Le projet du pianiste de s’emparer de la musique sacrée d’Arménie sur l’album « Luys i Luso » était déjà surprenant. Ces derniers temps, le pianiste arménien, jazzman éclectique acclamé de par le monde, apparaissait plus souvent dans les festivals de la région pour asséner la fougue de son quintet – Festival de Montreux l’an dernier – ou pour tisser des solos aussi intimistes qu’envoûtants.

Si l’on en croit le prodige de désormais 28 ans, il n’y aurait pourtant rien d’étonnant à l’entendre travailler ce registre musical. « Dès l’âge de 14 ans, époque où j’ai découvert la musique sacrée arménienne, je savais qu’il serait formidable d’en faire un album un jour. » Mais il a fallu attendre quatorze autres années pour que le projet se réalise. Une idée se développe dans le temps, assure ce voltigeur de claviers qui a déjà de nombreuses variations à son actif. « Le moment de concrétiser doit faire son chemin et trouver sa place. » Même si Tigran Hamasyan assure que seules les considérations musicales ont pesé, l’agenda du projet ne doit rien au hasard et s’insère ouvertement dans l’année de la commémoration du centenaire du génocide arménien par les Turcs, un symbolisme marqué par la tournée comportant 100 concerts se déroulant, pour la plupart, dans des lieux religieux.

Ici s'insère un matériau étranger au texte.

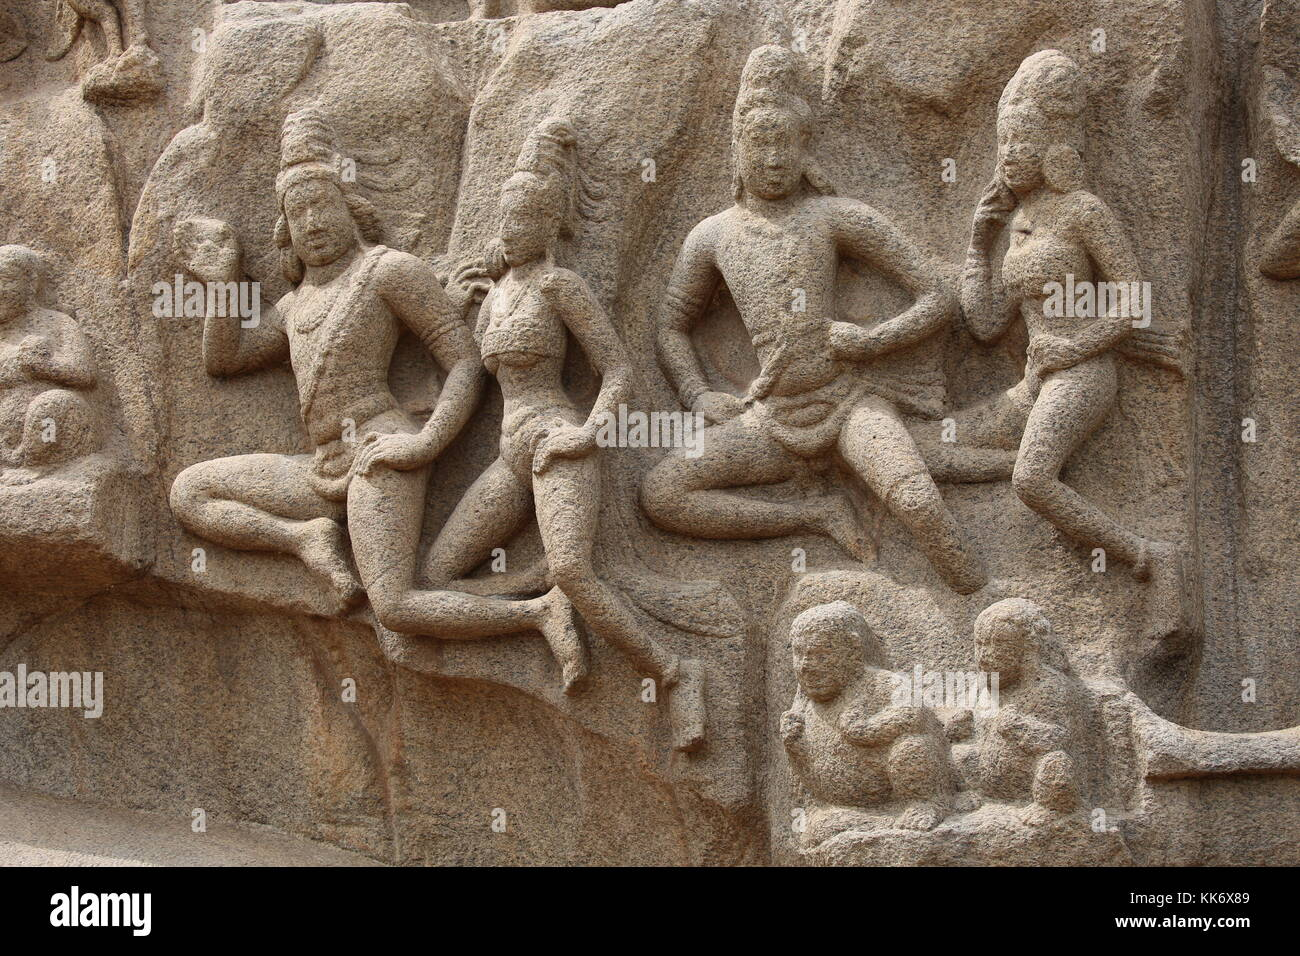 Arjunas Buße in Mahabalipuram, mamallapuram, Tamil Nadu, Indien, Steinornamente mit Elefanten Stockbild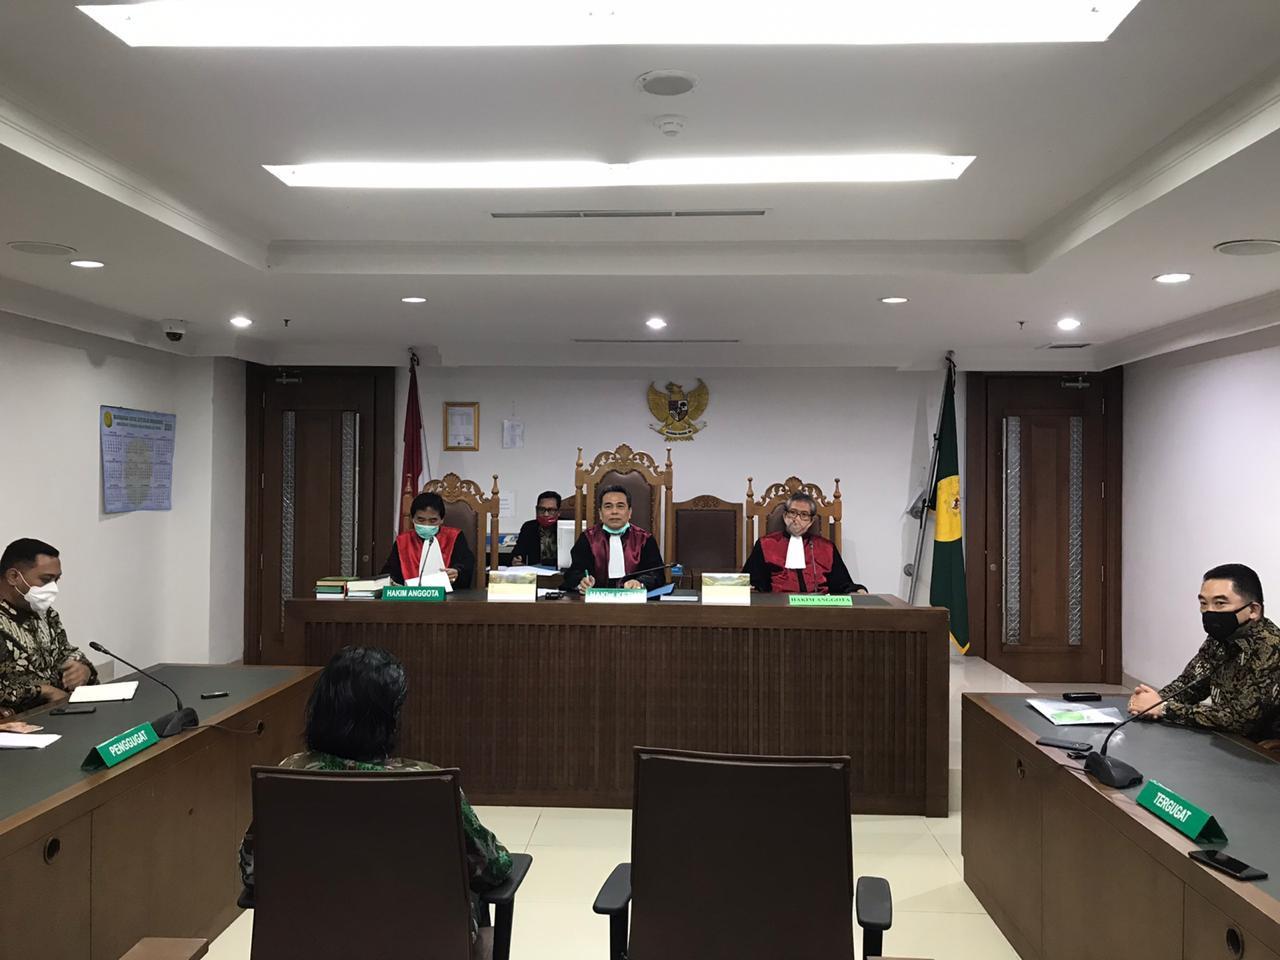 PKPU KCN Berakhir Damai, Hakim Minta Semua Pihak Menaati Kesepakatan - JPNN.com

« Fondamentalement, l’idée était de ramener cette musique dans les monastères et les églises de Turquie où elle avait été composée à 90%, dans l’Arménie historique. Un retour aux racines. » Le projet peut paraître d’un historicisme séduisant mais, dans la Turquie contemporaine de Recep Tayyip Erdogan, les plaies du passé ne sont loin d’être fermées et la proposition n’est pas passée inaperçue. « Il y a eu des moments très tendus, sur fond d’émeutes dans le pays. » Des pressions désagréables ont entouré les prestations. « A Kars, il y a eu ce que j’appellerais des choses obscures. Des extrémistes se sont organisés contre les Arméniens, il y a eu des menaces. Les médias étaient sur place, des journaux ont fini par en parler et deux députés se sont élevés contre ces discours de haine. » Tigran Hamasyan a même commencé à sentir poindre l’ombre de la peur durant cette tournée. « Un peu tout de même, d’autant que j’étais accompagné de ma grand-mère et de ma femme, sans oublier les membres du chœur. »

Mais la musique reste au centre de ses préoccupations. Le pianiste épris du folklore de son pays, il habite toujours en Arménie – « simplement parce que c’est là que je me sens à la maison » – a beaucoup appris de cette expérience inédite. « C’était un exercice très fructueux. Je vais intégrer cette expérience dans ma musique. Non pas en travaillant avec des voix, mais avec les idées de composition que j’ai utilisées. » Son prochain enregistrement devrait d’ailleurs le voir retourner au solo, un exercice qu’il sublime avec bonheur. « J’adore ça, pour la liberté que cela procure et pour le défi: c’est la forme où il y a le plus de pression. » L’expression artistique rejoint parfois celle de la politique.